How cheap is "on the cheap"? Also, are we talking brushless DC servo, or brushed DC? For a brushed motors, drivers are not to bad to purchase, for example, the Gecko 320X is only about $120 USD

http://www.geckodrive.com/geckodrive-brush-dc-drives.html

These are what I run. They won't run the drive at full capacity, but they will do up to 1.6kW (80V @ 20A). For a larger driver these will go up to 5.6kW

http://www.automationtechnologiesin...ervo-motor-driver/dc-servo-driver-dg4s-016035

Now, John is right, you could build your own, but it is unlikely to be cheaper. I took this route on some stepper motor drivers a while back.
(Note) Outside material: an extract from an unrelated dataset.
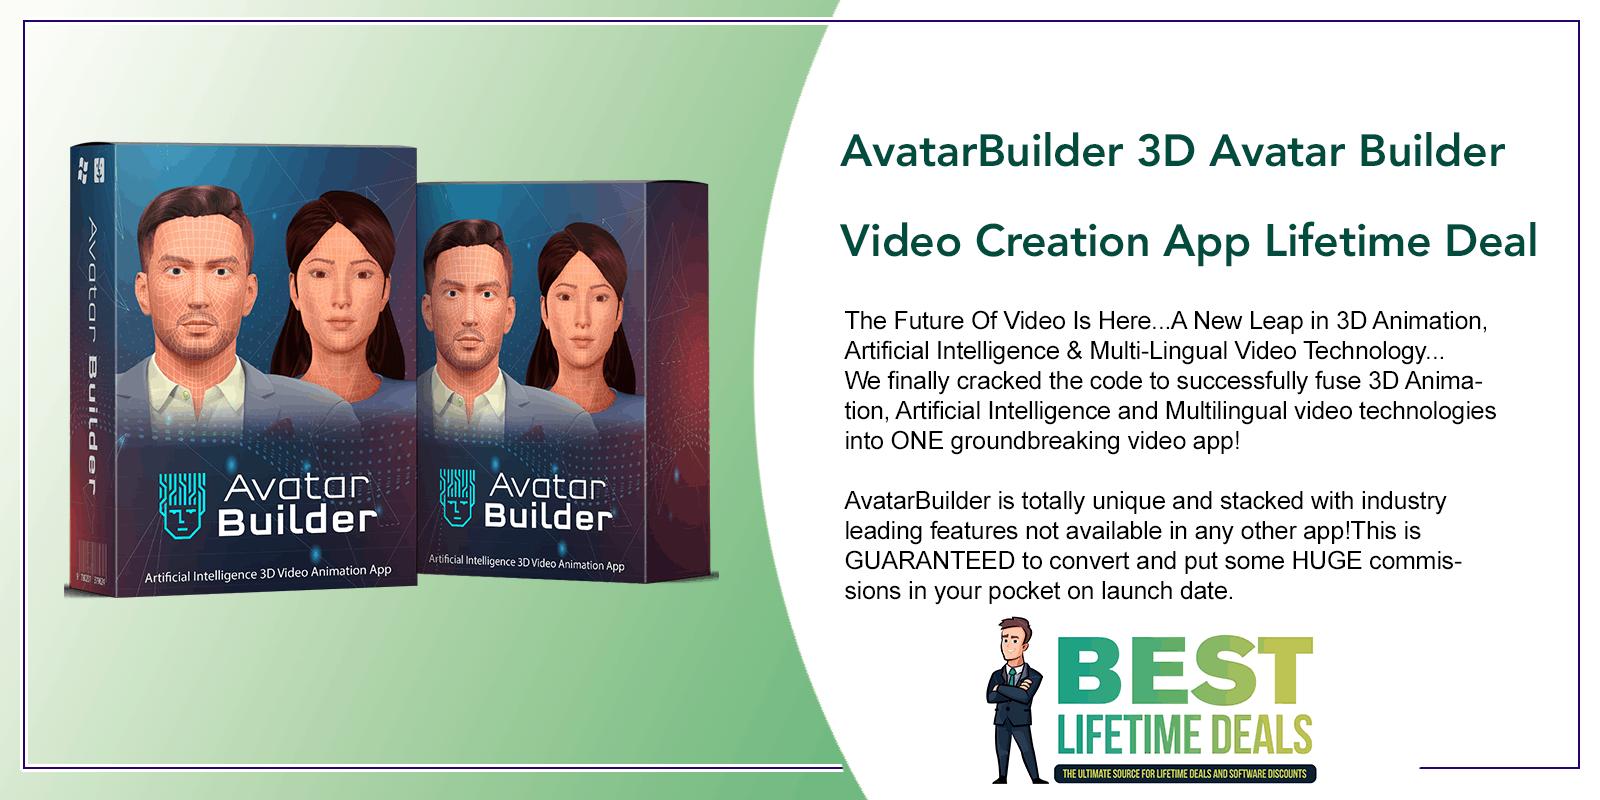 AvatarBuilder 3D Avatar Builder Video Creation App Featured Image

I learned a TON, but after all was said and done I probably payed 2x what I would have by just buying an off the shelf driver.

If it is a brushless DC servo, I have heard some VFDs will run them, alternatively, start trolling E-bay.


----------



## JimDawson (Jul 24, 2014)

DMS said:


> If it is a brushless DC servo, I have heard some VFDs will run them, alternatively, start trolling E-bay.




You are correct, a VFD will run a BLDC motor.  You just have to match up the voltage and power output capability.


----------



## LEEQ (Jul 24, 2014)

Are the vfd's specifically for dc motors? I'm going to have to look for threads on this. I would love to get the how to and nitty gritty. Does the programming of the drive need altered? I am very interested in all of this.


----------



## JimDawson (Jul 24, 2014)

LEEQ said:


> Are the vfd's specifically for dc motors? I'm going to have to look for threads on this. I would love to get the how to and nitty gritty. Does the programming of the drive need altered? I am very interested in all of this.



There is a big difference between a Brushed DC motor, and a Brushless DC motor, BLDC

A Brushed DC motor runs off of Direct Current, a Brushless DC motor is actually a 3 phase motor that has a permanent magnet rotor (armature).  A brushed DC motor will only run on Direct Current.  (no, we're not going to get in to universal motors here)

A DC motor may have a wound or a permanent magnet field.  There is a difference between a rotor and an armature, but for the purposes of this discussion, suffice it to say they perform the same function in the motor, they spin to run your machine.

Brushless DC motor controllers are supplied with Direct Current either by a battery or a DC power supply, depending on the application, then the controller outputs 3 Phase AC to the motor.

A *V*ariable *F*requency* D*rive is normally supplied with AC power, converts it to DC in the power supply section, which is then converted to a variable frequency, variable voltage, AC, 3 Phase output.

EDIT Corrected this sentence: "_A DC motor may have a wound or a permanent magnet *armature*"  (__armature should read *field*)_


----------



## John Hasler (Jul 24, 2014)

Originally "brushless DC motor" referred to the combination of a three-phase PM rotor motor and a simple controller, usually in an single package.  These devices were configured to behave just like DC motors with the electronics in the controller replacing the commutators.  Now the term is often used to refer to the motor alone when it is intended for BLDC-type applications.  The controllers are also often much more sophisticated than the old "electronic commutators".  This is confusing as there is nothing DC about these motors absent an appropriate controller (which can in some cases be a VFD).


----------



## hvontres (Jul 24, 2014)

I am running a 1.5 Kw Brushless Servo in my lathe off of a Hitachi WJ-200 drive. It works, but its a bit touchy. It seems the motor only likes to start reliably at lower speeds. If I turn the speed pot up too high, startup becomes hit and miss. If it doesn't catch, I need to reset the drive. Since the drive is running sensorless, I also have had issues with the motor getting out of phase with the drive and stalling out on heavyer cuts. On the upside, I do get quite a bit of speed range and I don't really need to worry too much about the motor overheating at lower speeds.


----------